Несмотря на наличие в голове крупных нью-йоркских тараканов с высоким коэффициентом интеллектуального развития и склонностью к психоанализу, гримерша превосходно знала свое дело. До Братны она успела поработать со многими известными режиссерами, стареющие кинодивы обожали ее – только она была их союзницей, только она могла скрыть их предательские морщины и мешки под глазами.

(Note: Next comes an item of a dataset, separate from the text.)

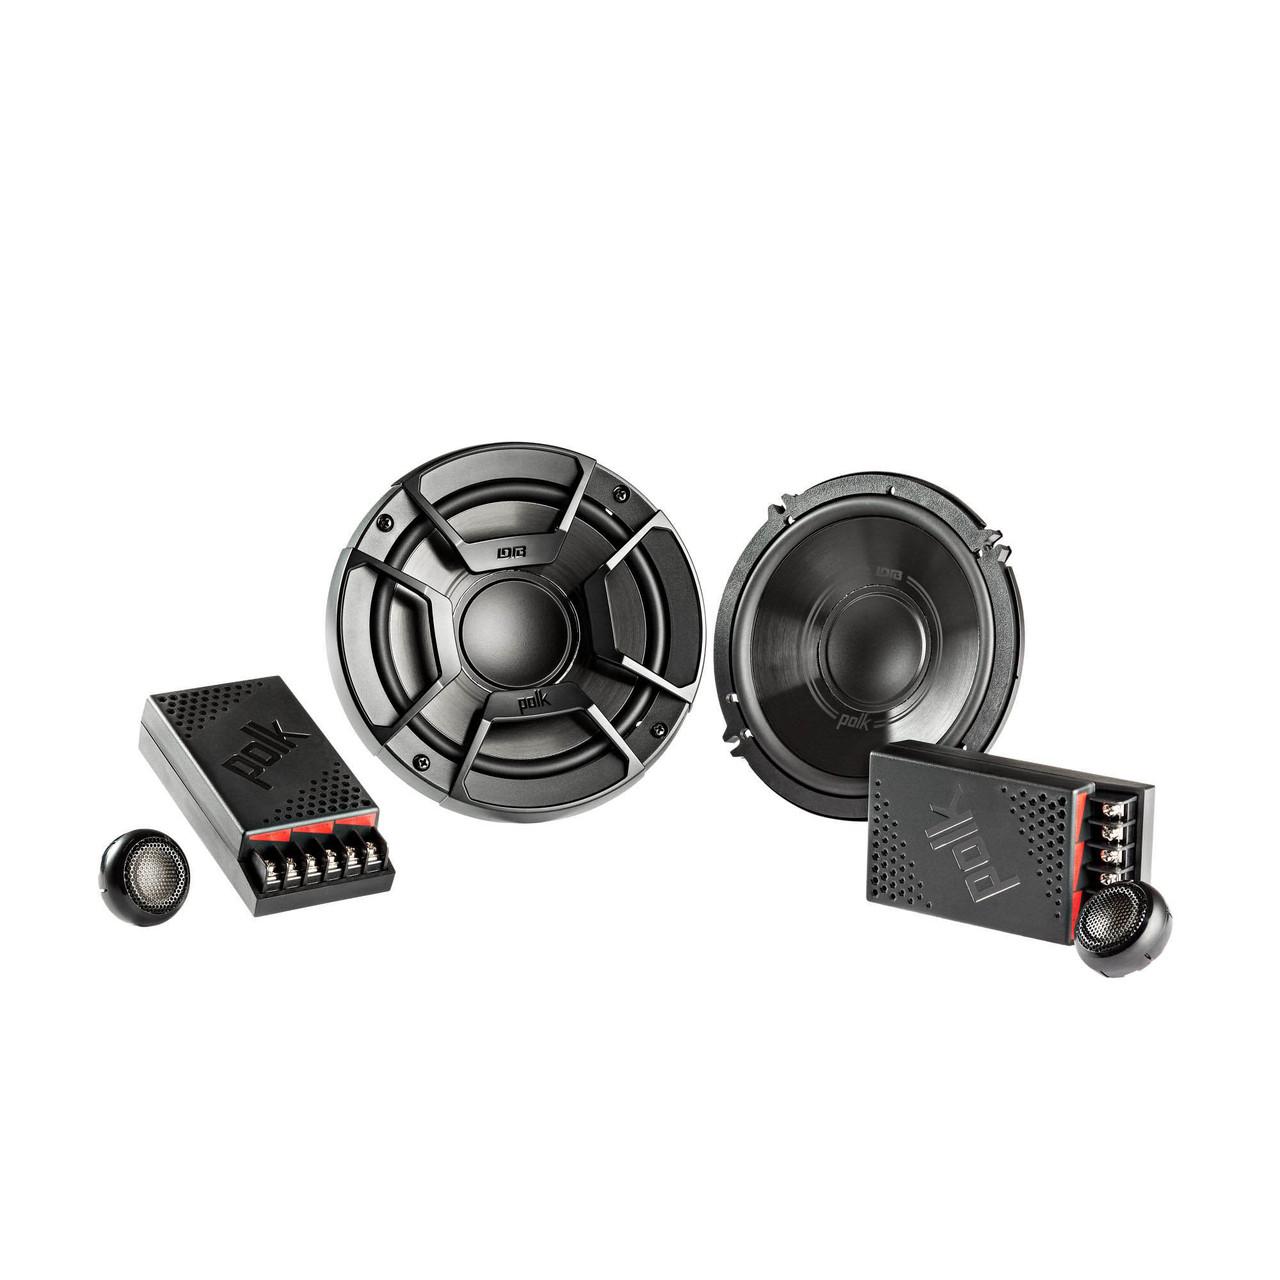 Polk Audio Bundle - A Pair Of DB6502 6.5
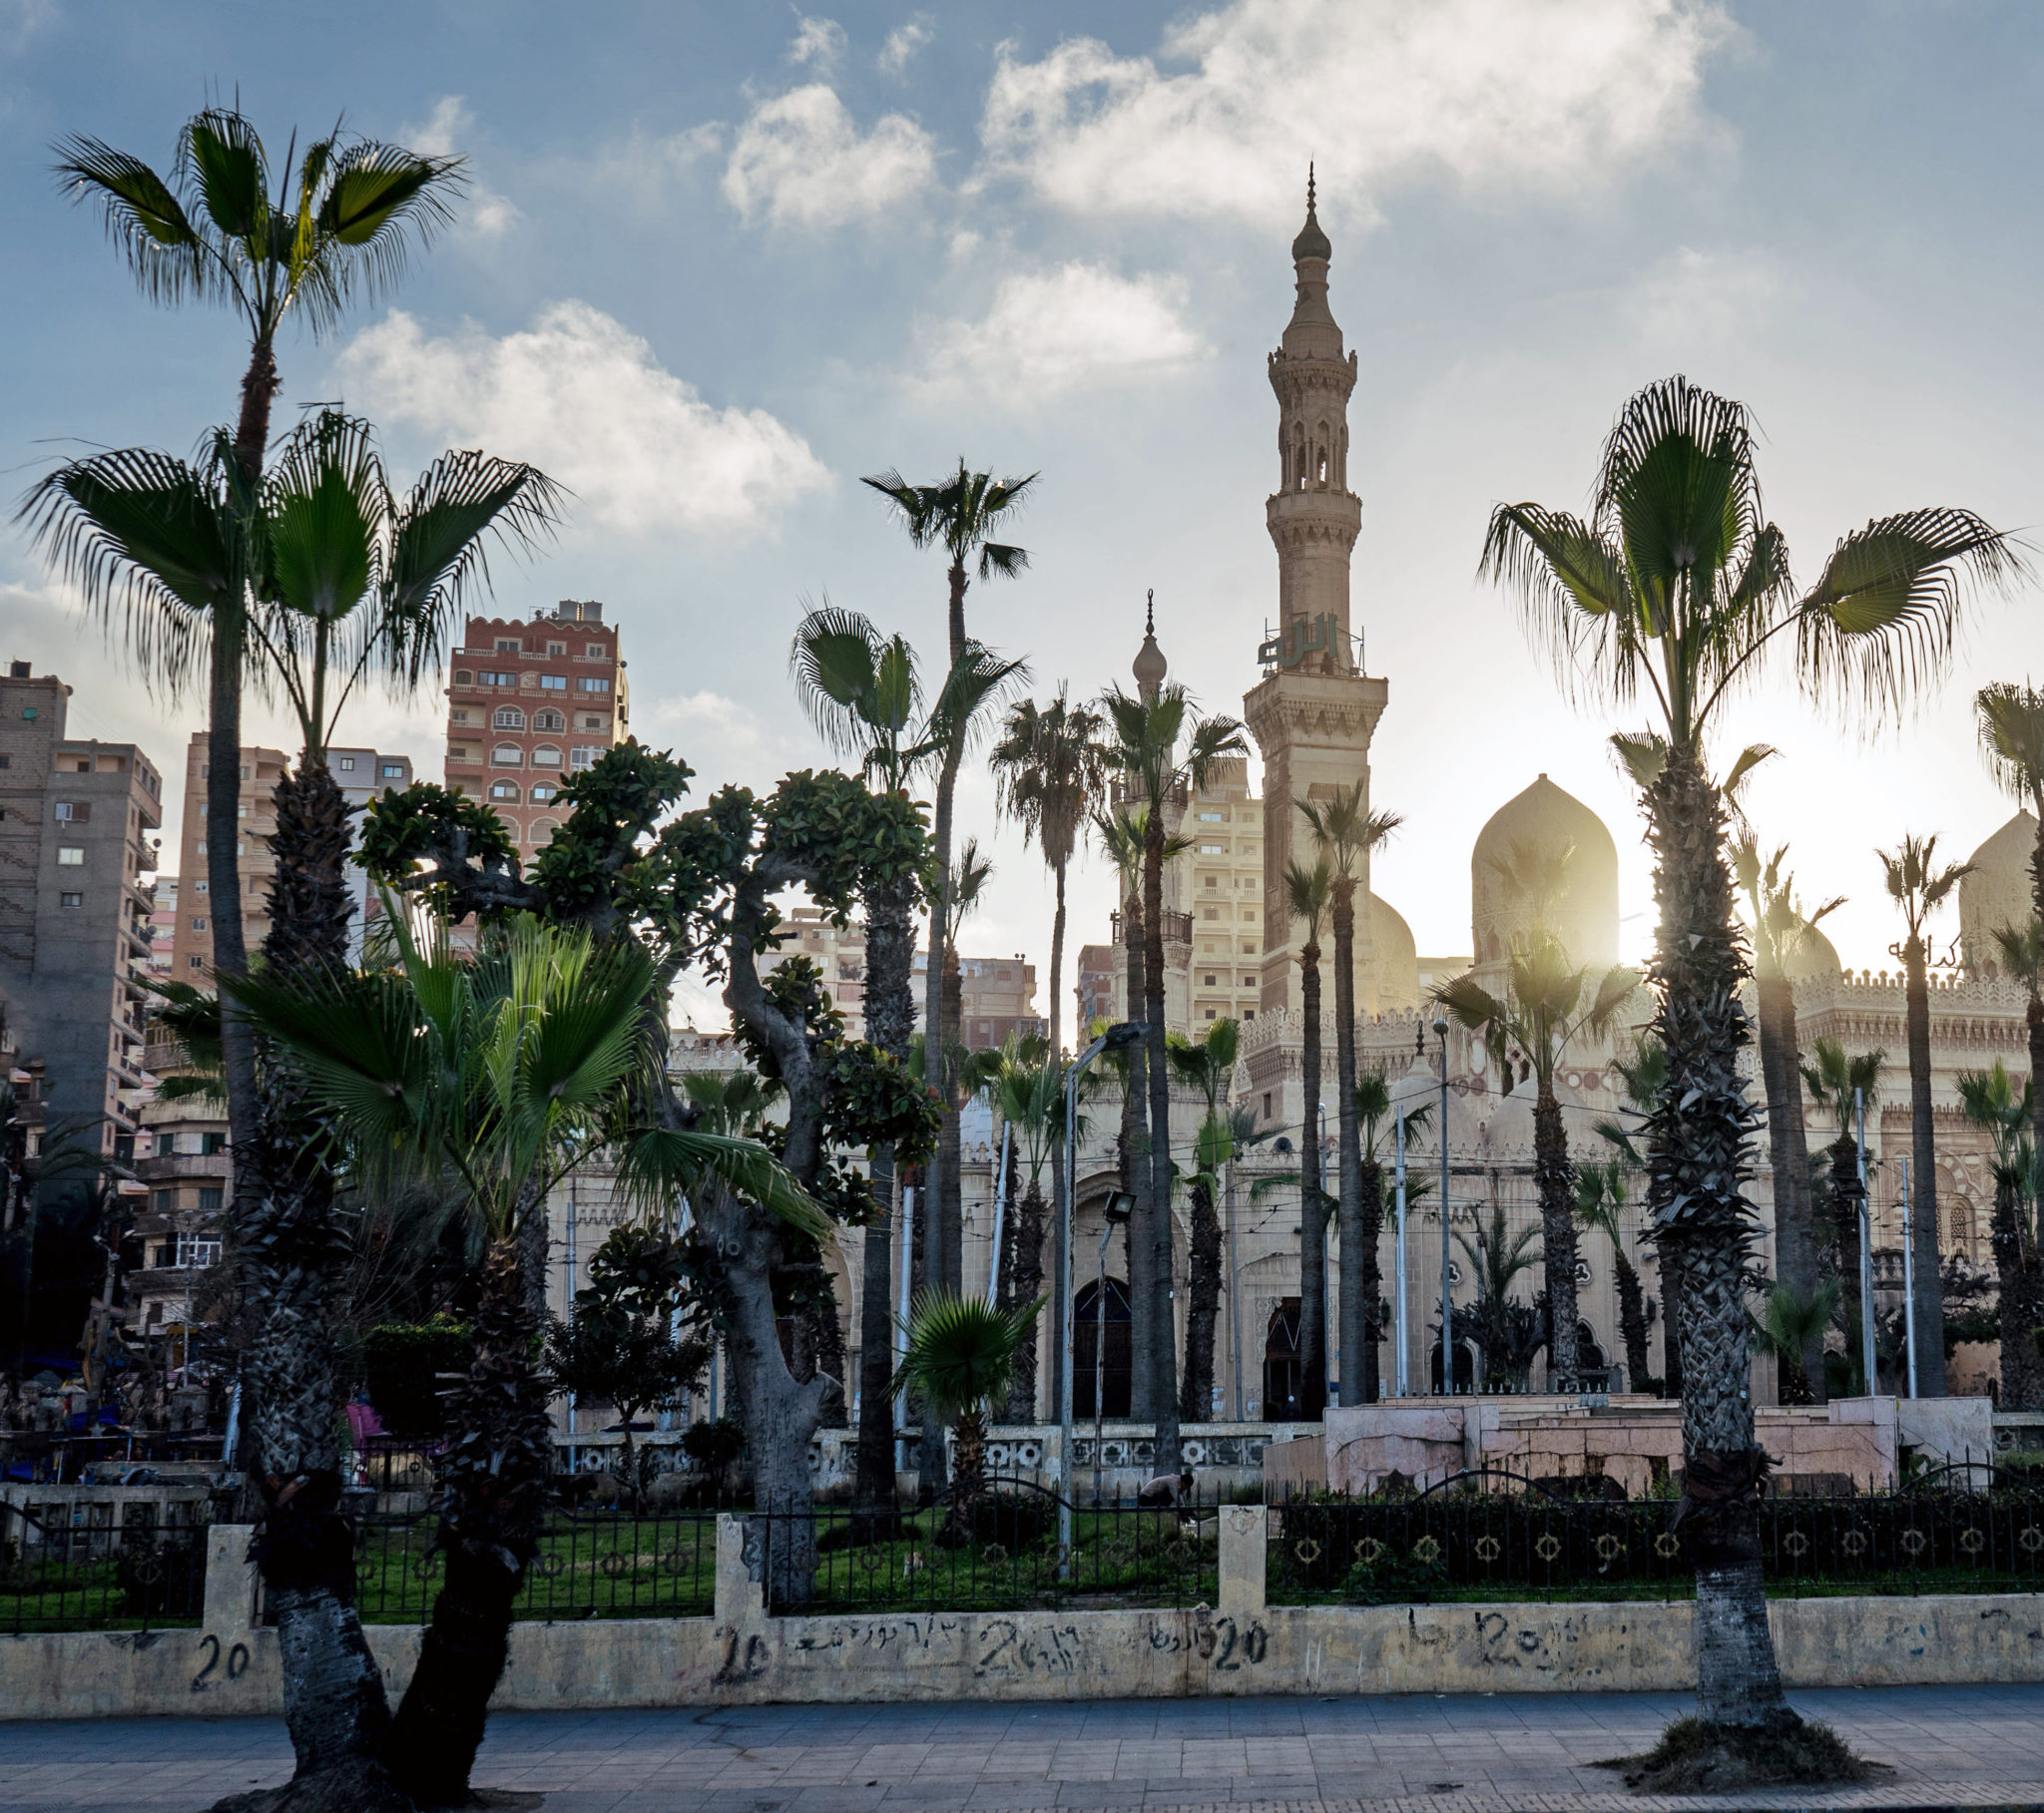 La moschea El-Mursi Abul-Abbas

Теперь же, судя по всему, происходил совершенно обратный процесс. Ирэн, под чутким руководством Братны, вот уже сорок минут колдовала над лицом старухи. Затаив дыхание, я наблюдала, как меняется, как еще больше стареет лицо Александровой: вот оно прожило еще год, еще пять, еще десять лет… Вот его коснулось легкое дыхание последней минуты и оно превратилось в посмертную маску – холод пробежал по моему позвоночнику, я испугалась, что ее лицо так и останется посмертной маской… Но Анджей и Ирэн благополучно прошли нижнюю точку и снова воскресили старуху к жизни. Но теперь это было совершенно другое лицо – бесстрашное лицо человека, побывавшего по ту сторону бытия и вернувшегося. Режиссер и гримерша только подчеркнули старость, они подняли ее до символа, до абсолюта. Когда работа над лицом была закончена, в гримерке воцарилась тишина, даже сама Ирэн была поражена результатом: я видела, как дрожали ее руки.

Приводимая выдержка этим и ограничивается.